ALJ Barr assigned only partial weight to Dr. Avila's 2015 opinion because it was “non-descriptive, and does not provide a clear understanding of the claimant['s] functional capacity.” (Tr. 17.) She also assigned only partial weight to Dr. Avila's May 2016 opinion because “the record does not support moderate findings in all areas.” (Id.) She found that Dr. Avila's conclusions that the claimant was “generally, capable of tending to her own grooming and hygiene, . . . had good insight and judgment . . . [and was] able to manage her own finances” were inconsistent with the doctor's conclusion that “the claimant demonstrate[d] moderate limitations in adaptation due to an impairment in setting realistic goals.” (Id.) The ALJ assigned little weight to Dr. Avila's January 2016 opinion, because it was “unsupported by Dr. Avila's mental impairment questionnaire of the claimant where she indicated that the claimant did not exhibit more than moderate limitations in all domains of work related mental functioning.” (Tr. 18.)

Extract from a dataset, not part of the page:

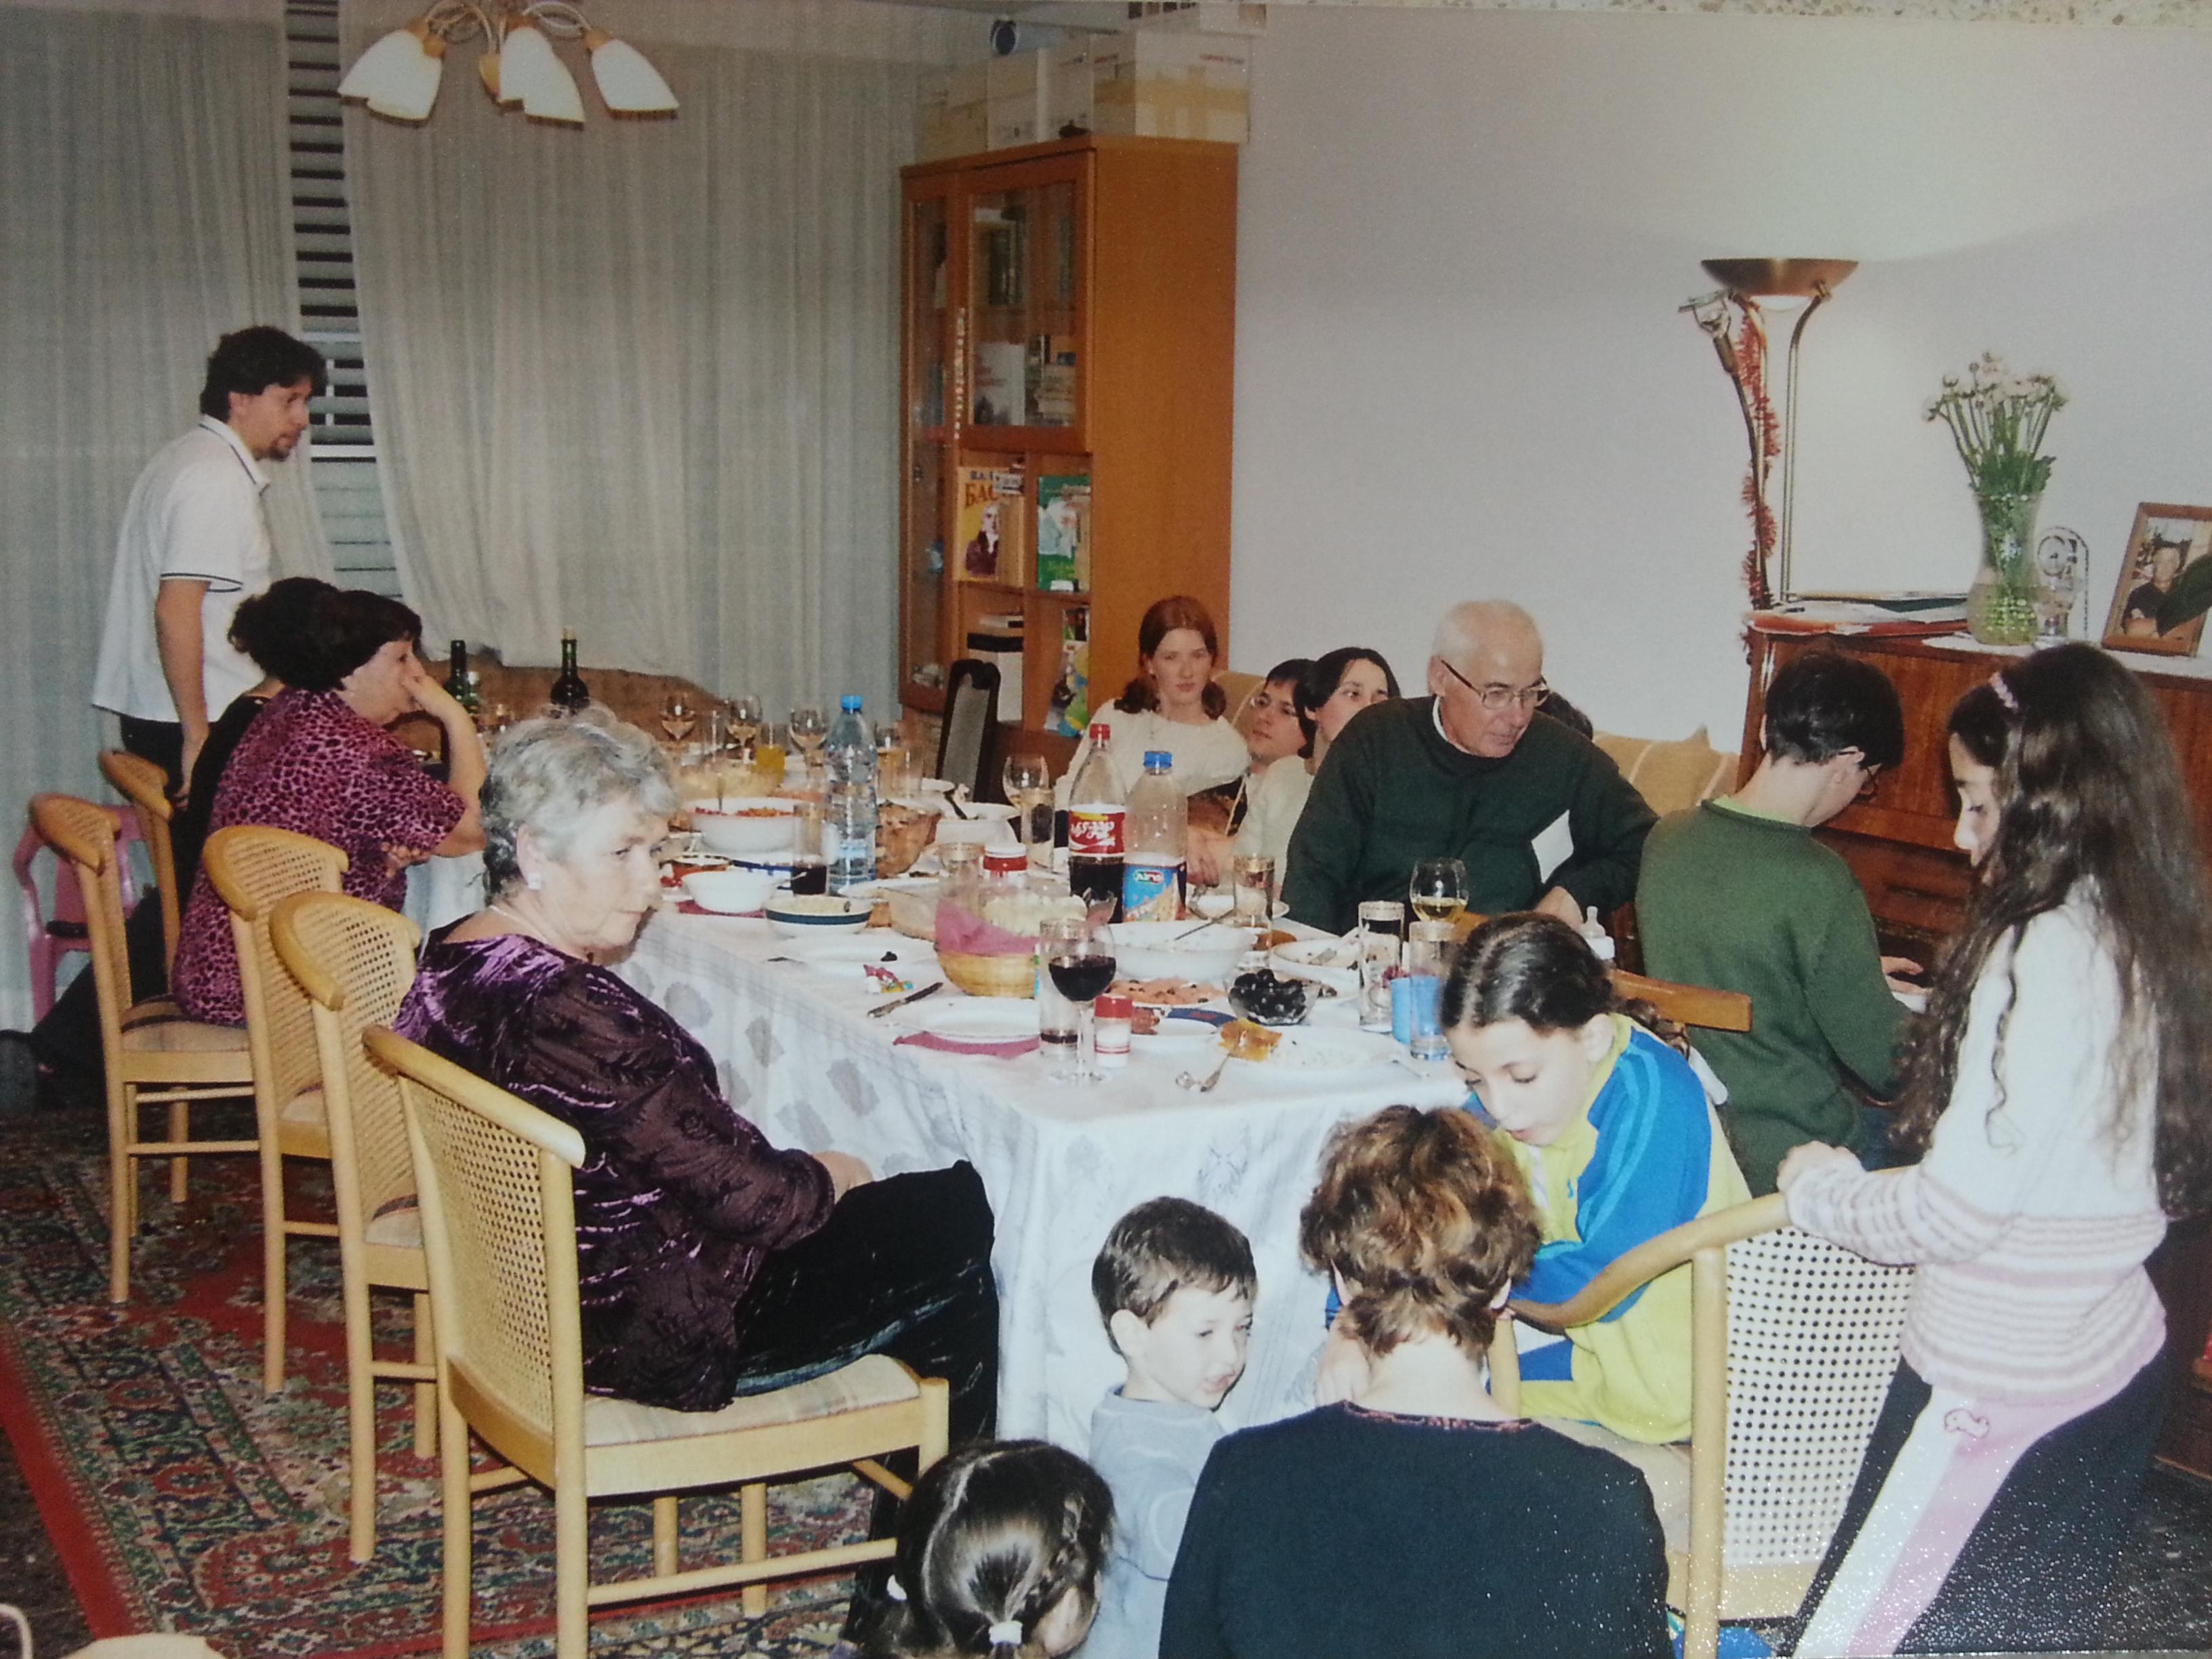 Dan Vershkov, 2006 או 2007, ראשון לציון. בית משפחת ורשקוב(3)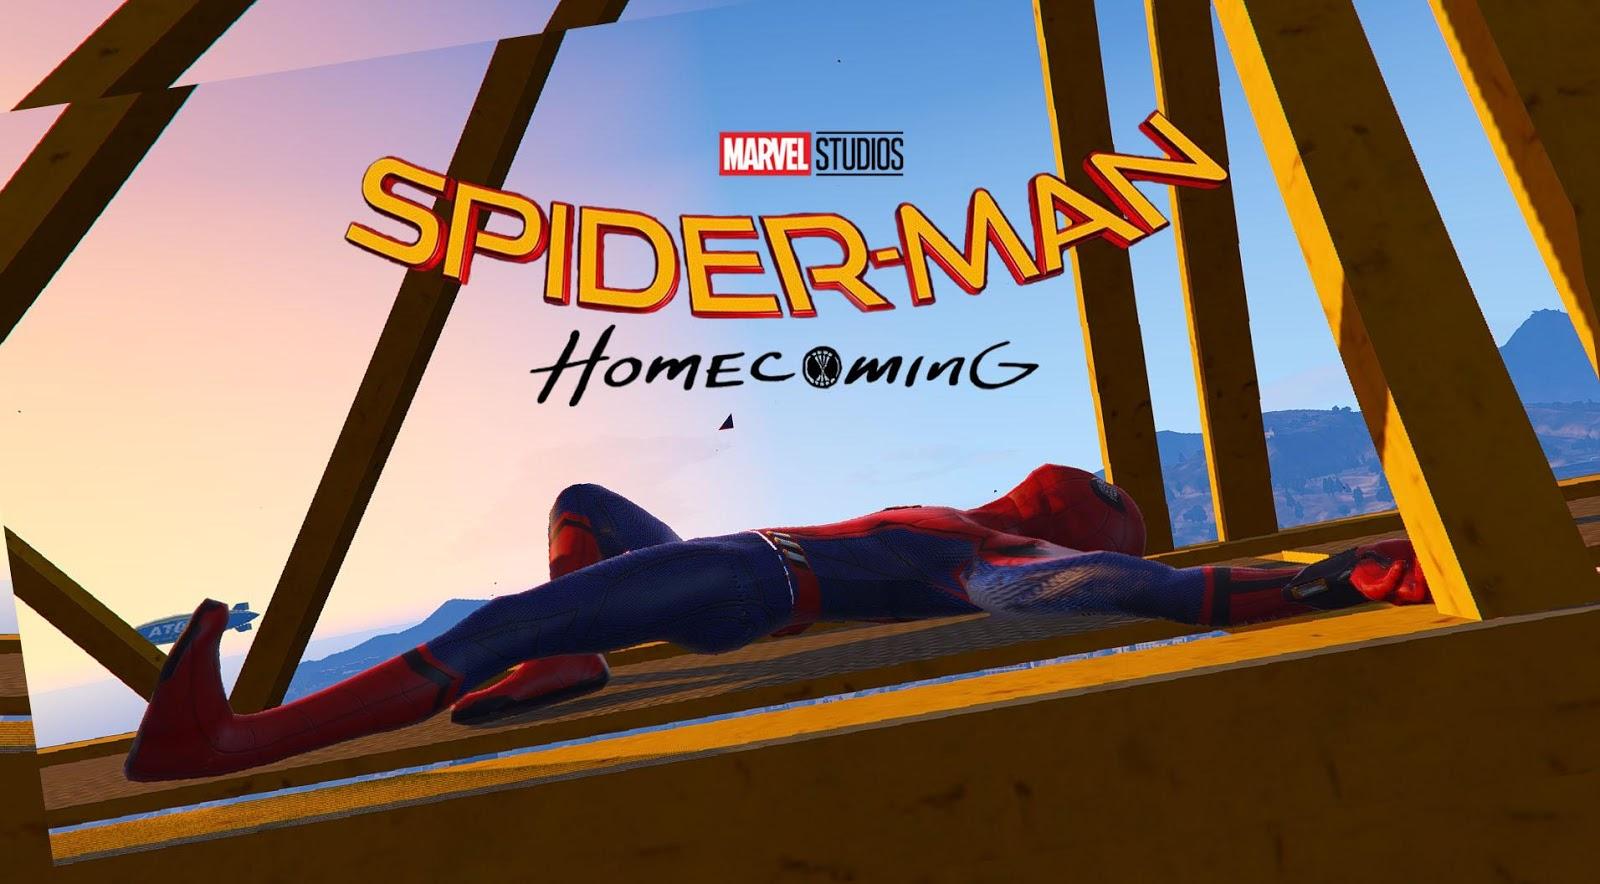 Spider Man Homecoming 3 news

In assigning Dr. Avila's opinions less than controlling weight, the ALJ did not consider all the Burgess factors. Although the ALJ noted some divergence between Dr. Avila's opinion and the medical evidence in the record, she did not consider the frequency and nature of Dr.

Avila's treatment, the extent to which medical evidence supported her opinion, or that Dr. Avila is a specialist.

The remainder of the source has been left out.